Max_depth of 4 yields highest accuracy, 78%

In [73]:
best_score = 0
best_est = 0

In [74]:
for est in range(1, 11): # choose hyperparameter range
    model = RandomForestClassifier(random_state=54321, n_estimators=est) # set number of trees
    model.fit(features_train, target_train) # train model on training set
    score = model.score(features_valid, target_valid) # calculate accuracy score on validation set
    if score > best_score:
        best_score = score # save best accuracy score on validation set
        best_est = est # save number of estimators corresponding to best accuracy score

In [75]:
print("Accuracy of the best model on the validation set (n_estimators = {}): {}".format(best_est, best_score))

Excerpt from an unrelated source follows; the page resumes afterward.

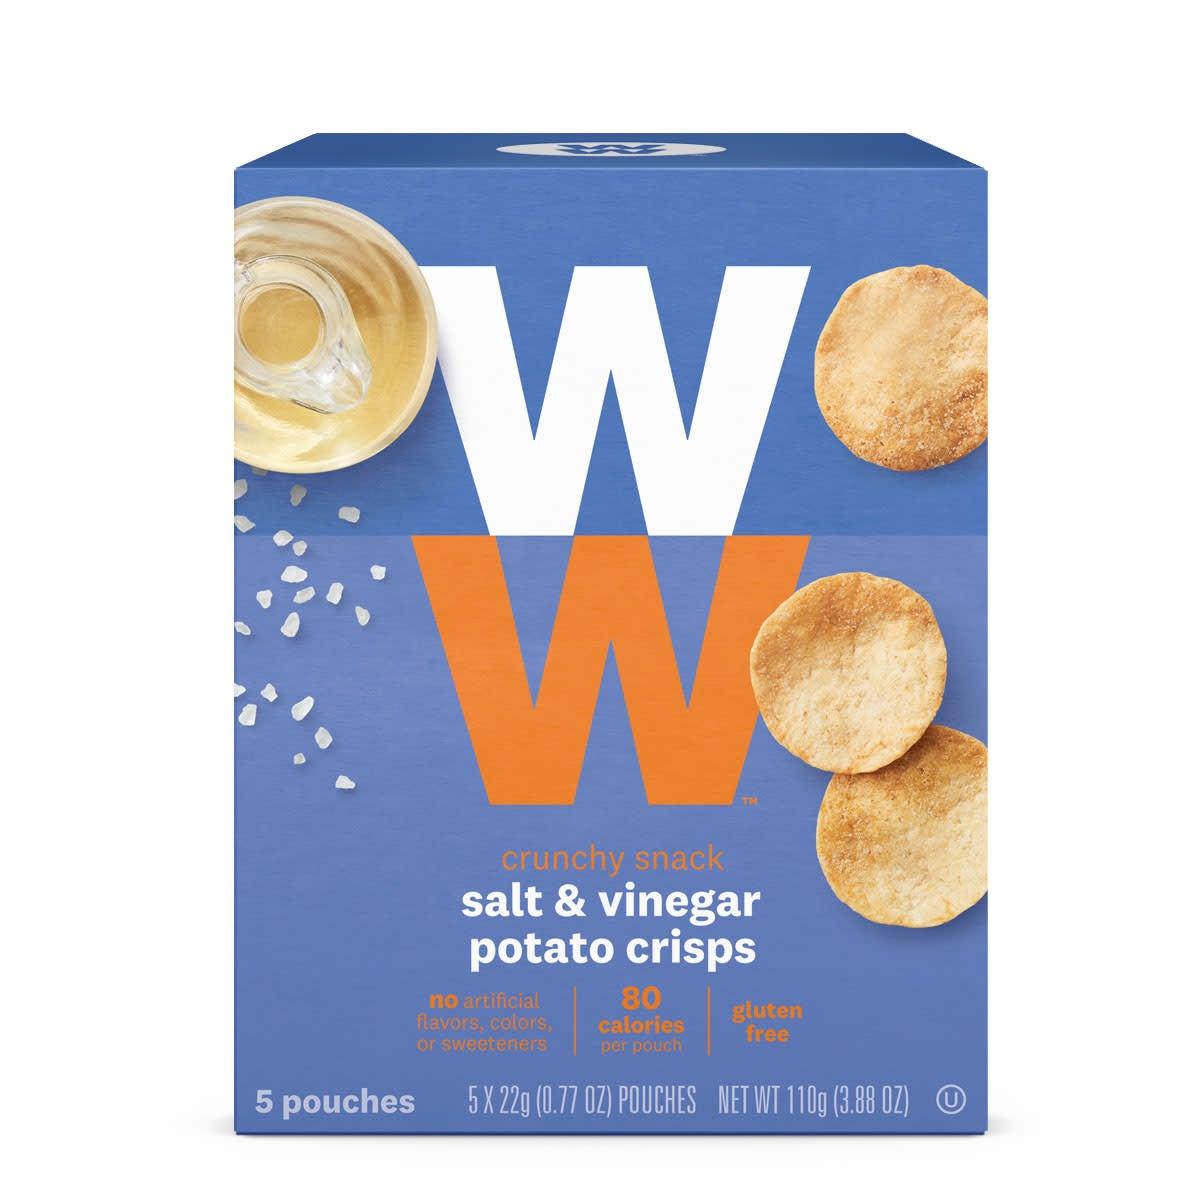 Salt and Vinegar Potato Crisps,  front of box, 80 calories, 5 pouches, gluten free crunchy snack

Accuracy of the best model on the validation set (n_estimators = 8): 0.7900466562986003


In [77]:
# Random Forest Classifier model selected as final model as it yields best accuracy 
final_model = RandomForestClassifier(random_state=54321, n_estimators=8) # change n_estimators to get best model
final_model.fit(features_train, target_train)
final_model.score(features_valid, target_valid)

0.7900466562986003

N_estimators = 8 yields highest accuracy percantage, 79%

In [66]:
model = LogisticRegression(random_state=54321, solver='liblinear') # initialize logistic regression constructor with parameters random_state=54321 and solver='liblinear'
model.fit(features_train, target_train)  # train model on training set
score_train = model.score(
    features_train, target_train # calculate accuracy score on training set
)  
score_valid = model.score(
    features_valid, target_valid # calculate accuracy score on validation set
)  

In [67]:
print(
    "Accuracy of the logistic regression model on the training set:",
    score_train,
)
print(
    "Accuracy of the logistic regression model on the validation set:",
    score_valid,
)

Accuracy of the logistic regression model on the training set: 0.703838174273859
Accuracy of the logistic regression model on the validation set: 0.7216174183514774


In [80]:
final_model.score(features_test, target_test)

0.7978227060653188

# Conclusion

After trying different Machine learning models and comparing the results between them, we can determine that the best Machine learning model for this dataset would be the Random Forest Classifier model as this model yielded that highest accuracy score of 79%. By changing hyperparameters, specifically the "n_estimators" hyperparameter, it was determined that the number of estimators that would yield the highest accuracy would be 8 estimators. 

We were provided with a 75% percent threshold, which the Random Forest Classifier with 8 estimators successfully surpasses this threshold at 79%.